The result should be similar to the following with 350 indicating the concurrent executions quota metric.

{
"timeSeries": [
   {
      "metric": {
      "labels": {
         "quota_metric": "workflowexecutions.googleapis.com/concurrency"
      },
      "type": "serviceruntime.googleapis.com/quota/allocation/usage"
      },
      "resource": {
      "type": "consumer_quota",
      "labels": {
         "service": "workflowexecutions.googleapis.com",
         "project_id": "PROJECT_ID",
         "location": "europe-west1"
      }
      },
      "metricKind": "GAUGE",
      "valueType": "INT64",
      "points": [
      {
         "interval": {
            "startTime": "2024-11-07T03:01:02Z",
            "endTime": "2024-11-07T03:01:02Z"
         },
         "value": {
            "int64Value": "350"
         }
      }
      ]
   }

In the collapsed APIs Explorer side panel, you can click Full screen to expand the APIs Explorer. The full-screen panel displays an extra pane containing code samples, application/json responses, and Raw HTTP responses.

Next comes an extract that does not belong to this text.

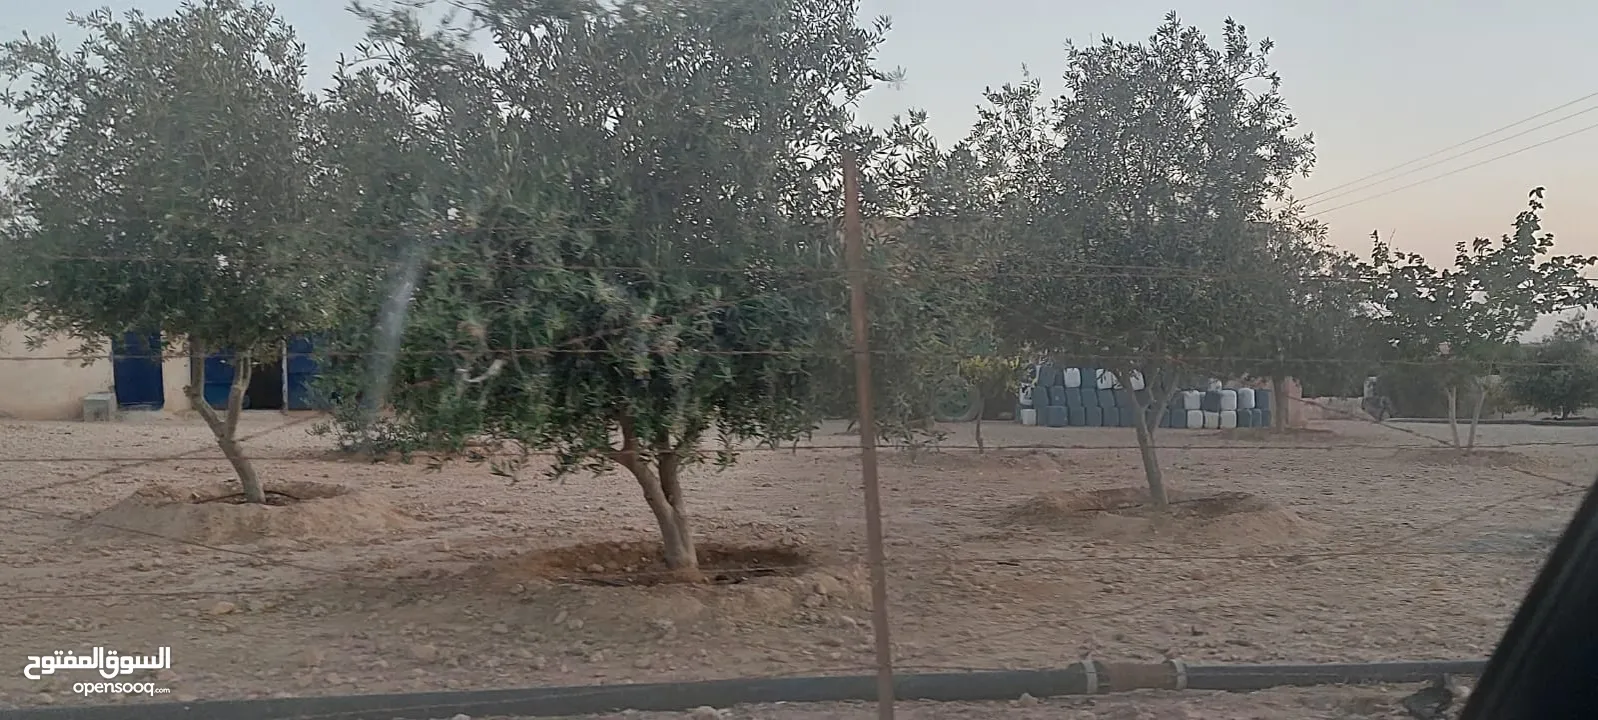 أرض للبيع في جنوب عمان خان الزبيب
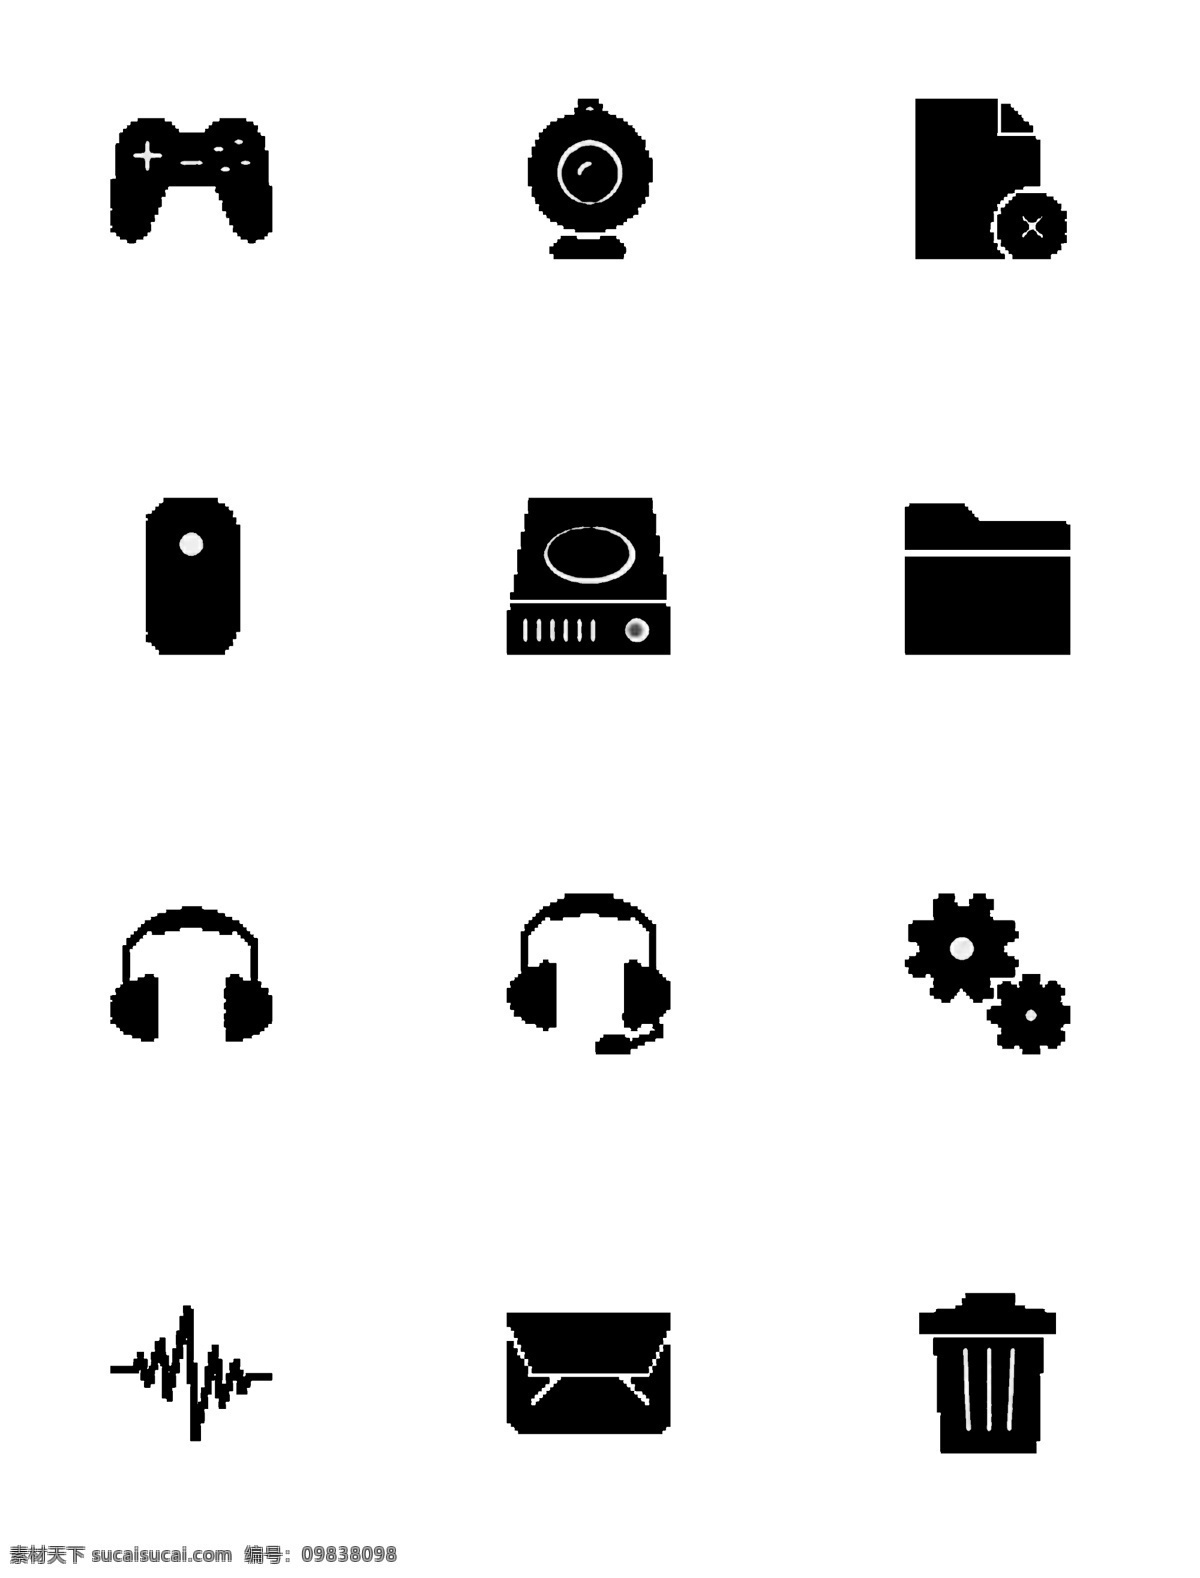 十 二 简单生活 中 常见 图标素材 十二个 简单 生活中 图标 游戏 手柄 文件夹 耳机 设置 免抠 png格式

For example, in this case, you can view the comparable curl command:

curl \
'https://monitoring.googleapis.com/v3/projects/PROJECT_ID/timeSeries?filter=metric.type%20%3D%20%22serviceruntime.googleapis.com%2Fquota%2Fallocation%2Fusage%22%20AND%20resource.labels.service%20%3D%20%22workflowexecutions.googleapis.com%22&interval.endTime=2024-11-07T03%3A01%3A02Z&interval.startTime=2024-11-07T03%3A01%3A00Z&key=YOUR_API_KEY' \
   --header 'Authorization: Bearer YOUR_ACCESS_TOKEN' \
   --header 'Accept: application/json' \
   --compressed

Use Monitoring dashboards and alerts

You can use Monitoring dashboards and their associated charts to visualize the data for Workflows metrics.

To monitor these metrics in Monitoring, you can create custom dashboards. You can also add alerts based on these metrics.